安排完诸事,凌尘一步踏出,已至城中心原护城大阵核心处。此处已被修缮,地面铭刻着更加复杂玄奥的阵纹,以五行精石为基,隐隐与整个东荒的地脉相连。璇玑真人正带领数十名阵法师在此忙碌,见到凌尘,纷纷行礼。
“师叔,辛苦。”凌尘微微颔首,目光扫过阵法核心,指尖凌空点划。一道道混沌气流融入阵眼,引动地脉中的五行之力,使得原本略显晦暗的阵纹骤然亮起,光华流转间,竟隐隐构成一幅微缩的东荒山河社稷图,其上气机流转,生机暗藏。
“混沌为引,五行定基,山河为阵…此阵,可挡炼虚一击否?”璇玑真人抚须惊叹,眼中充满希冀。
“一击可挡,久守难为。

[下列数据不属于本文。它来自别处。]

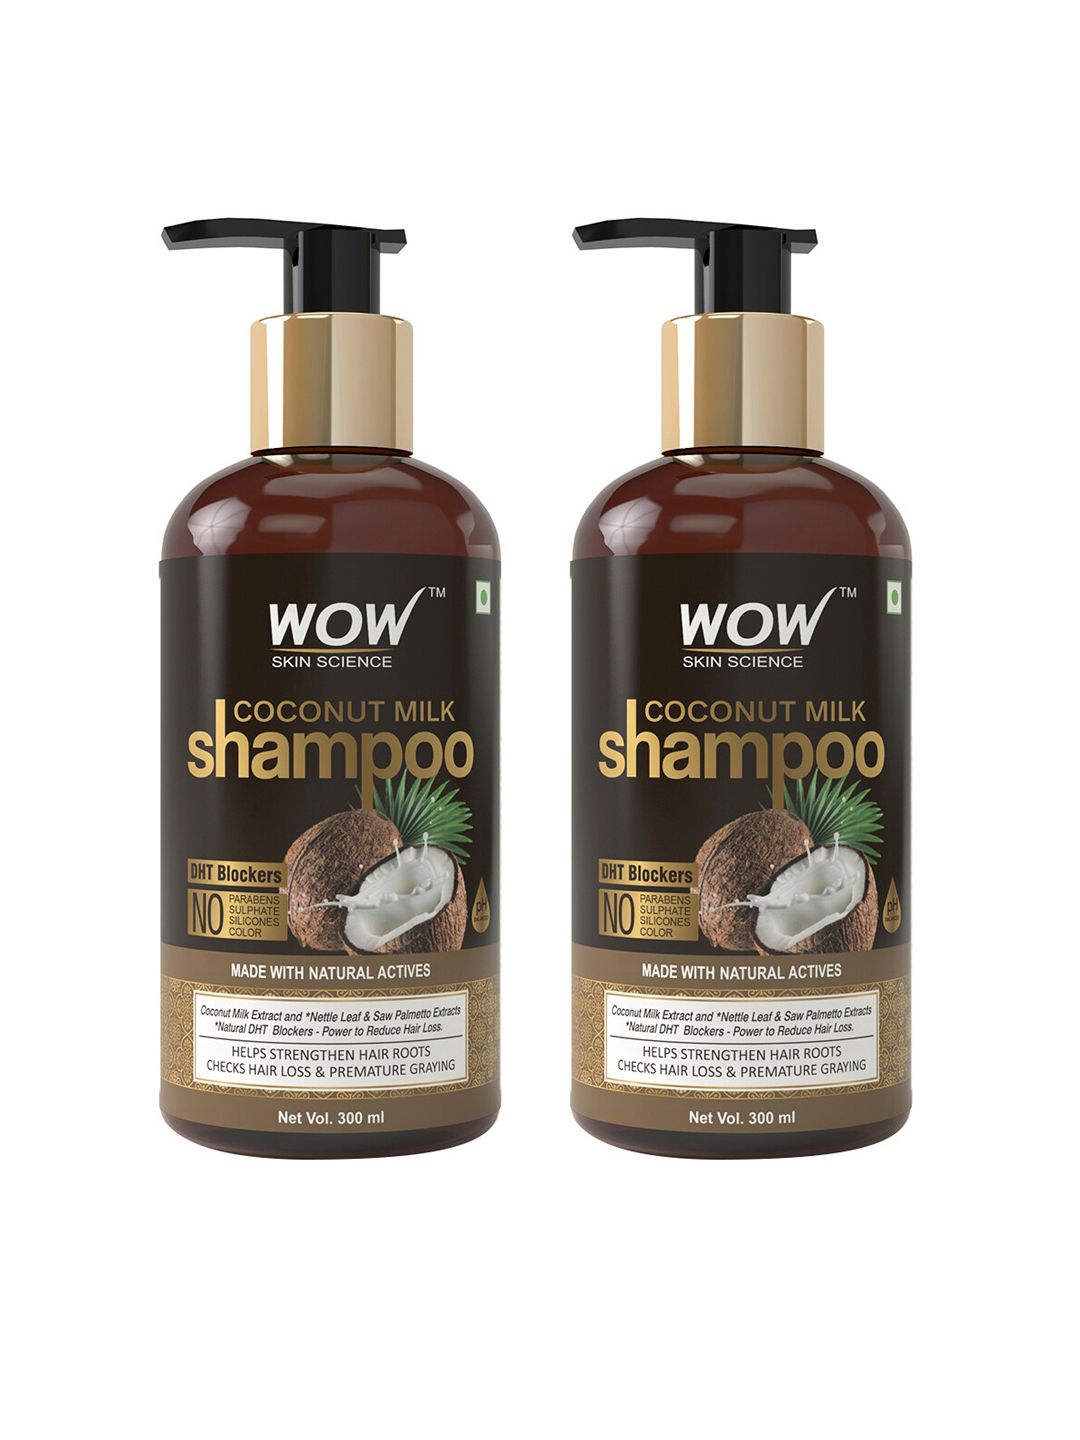 WOW SKIN SCIENCE Set of 2 Coconut Milk Shampoo - 300 ml each Price in India

”凌尘语气平淡,“真正的胜负,不在此阵。”他抬头,再次望向南方那愈发浓郁的黑暗,“在于能否斩断其根源。”
是夜,月黑风高。
凌尘独自一人,立于混沌崖最高处,此处曾是璇玑真人观星之地,如今已成禁地。他盘膝坐下,并未修炼,而是将心神彻底沉入体内那方初开的混沌世界。
丹田之中,五枚碑符不再是简单的环绕,而是构成了一个完美循环、生生不息的混沌旋涡。土之厚重为核心,承载一切;水之绵长为脉络,滋养万物;木之生机为枝叶,演化灵性;金之锋锐为骨架,定鼎秩序;火之炎上为光热,驱动变革。五行之力在混沌本源的统御下,不再是独立的法则,而是构成了一个有机的整体,演化着生灭、轮回、创造与归墟的至理。